Leon C. Collins is a media executive, media educator, producer/director, script writer, and photographic artist.

==Biography==

Leon Collins was born in Washington, DC, on May 20, 1949. He received his Master of Arts degree from Antioch College in 1976. His Masters thesis was entitled “Black perspectives – Inner reality of visual thinking”.

In 1969, Collins was selected to become an intern at WETA-TV PBS in Washington, DC, during his junior year at Howard University, majoring in cinematography and television production. Leon, eventually became president of the National Association of Blacks in Public Broadcasting while working at the University of Houston.

For over three decades, Collins has held a variety of leadership and consulting positions, domestically and internationally with non governmental organizations, public broadcasting, and commercial broadcasting and community radio stations. These positions involved working with the following institutions: Executive Producer, iMichigan Productions; Director, Education and Leadership Programs, The Phelps Stokes Fund; Member PBS Board of Directors; General Manager, University of Michigan Public Broadcasting TV 28 PBS; Consultant, KQED TV PBS; Executive Director of Broadcasting, University of Houston PBS; Vice President, General Manager WPFW FM radio in Washington, DC; Production Consultant, WLII TV Lorimar Telepictures in Puerto Rico; and Station Manager WTJX TV PBS in the US Virgin Islands.

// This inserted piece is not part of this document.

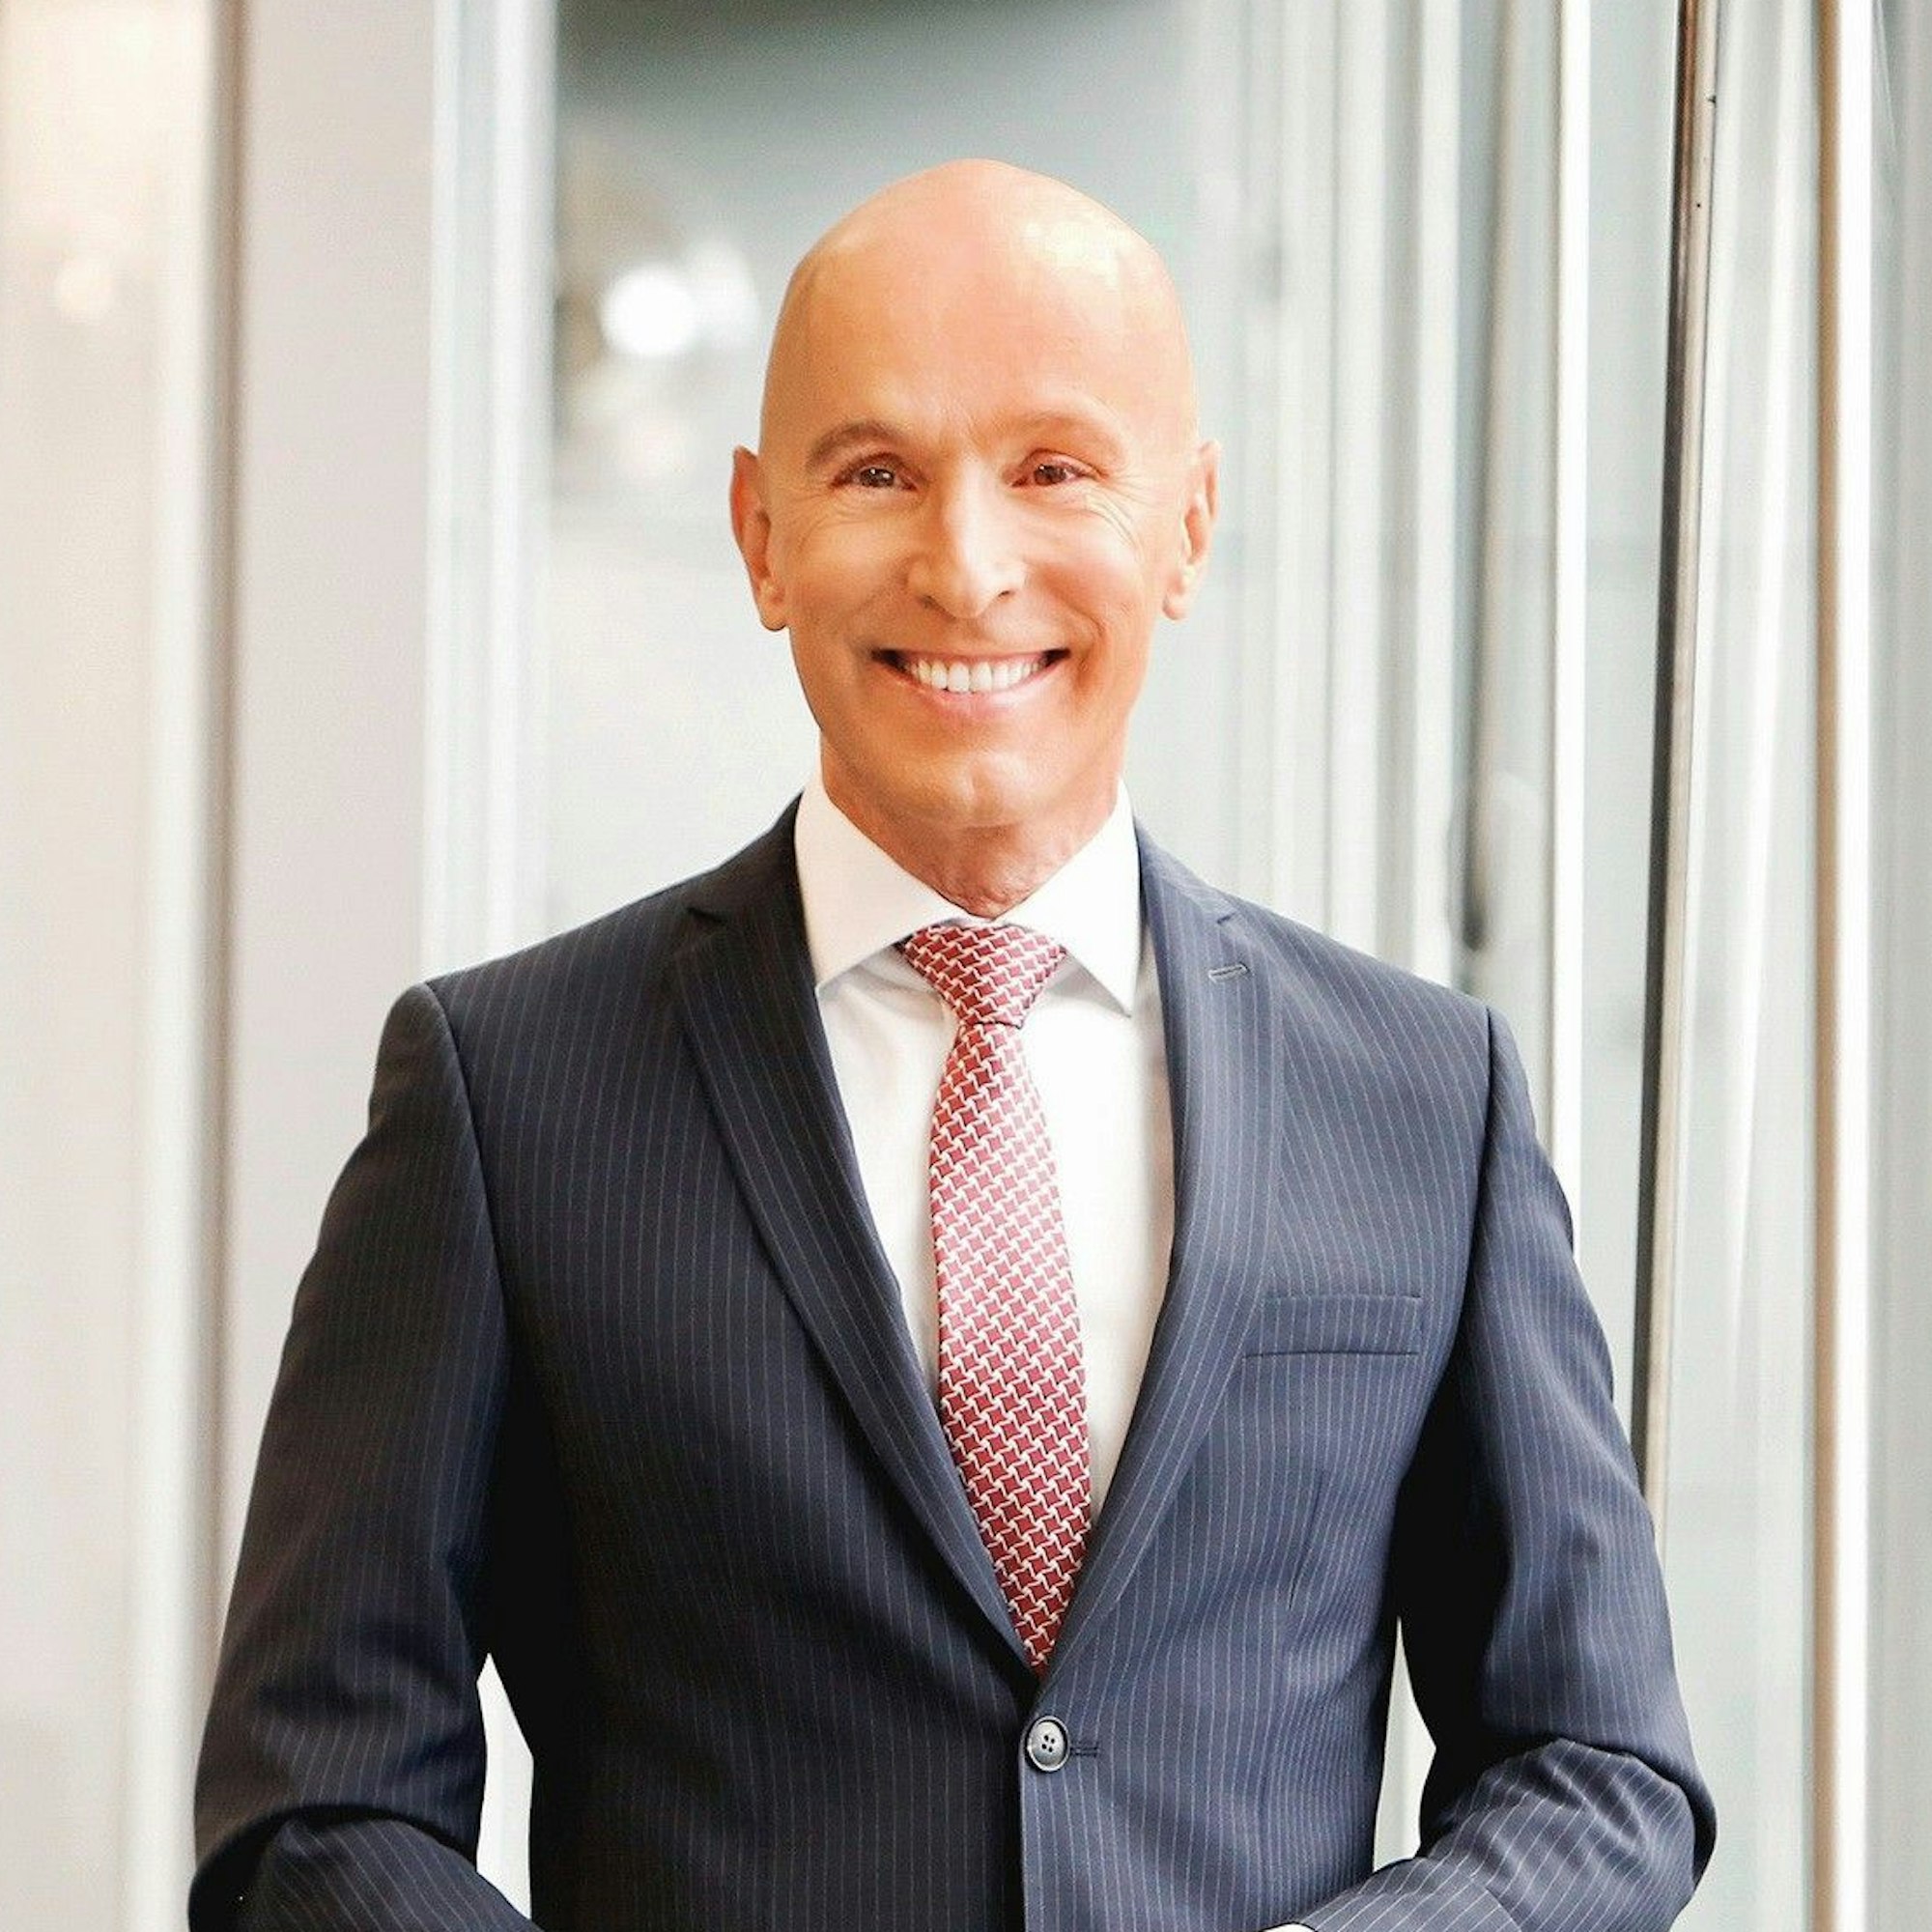 Ein Porträtfoto des RTL-Adelsexperten Michael Begasse. Er lächelt in die Kamera und trägt einen schwaren Anzug mit Nadelstreifen.
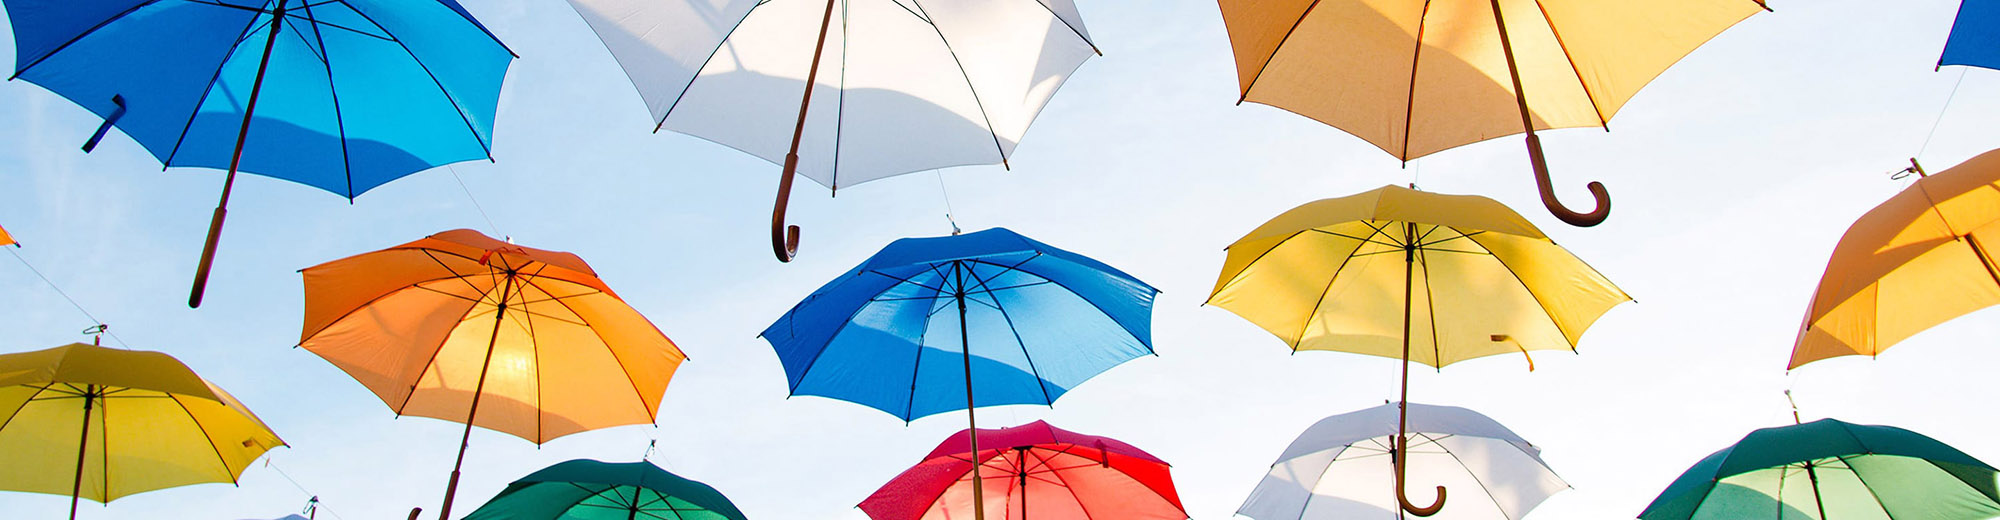 Array of rainbow umbrellas against clear blue sky

A recent leadership position was with The Phelps Stokes Fund, which is North America's oldest continuously operating foundation dedicated to Education for Human Development in Africa, the African Diaspora in the Americas, and indigenous communities in the Americas. Leon's assignment with the Fund included working with board members, elected officials, members of the United States Congress, faith based organizations, members of the press, consultants, graphic artists, IT web designers and other stakeholders. His portfolio included five programs, which required working with domestic foundations, individual donors for educational programs, and the United States Agency for International Development and its contractors. A training program was developed and implemented for producing radio programs, which were broadcast to community radio stations and the United Nations Mission in Liberia Radio (UNMIL) that reached over three million people. The produced community radio programs focused on media literacy, gender issues, health, HIV/AIDS, malaria, and overall empowerment of women, girls and children in Liberia, West Africa.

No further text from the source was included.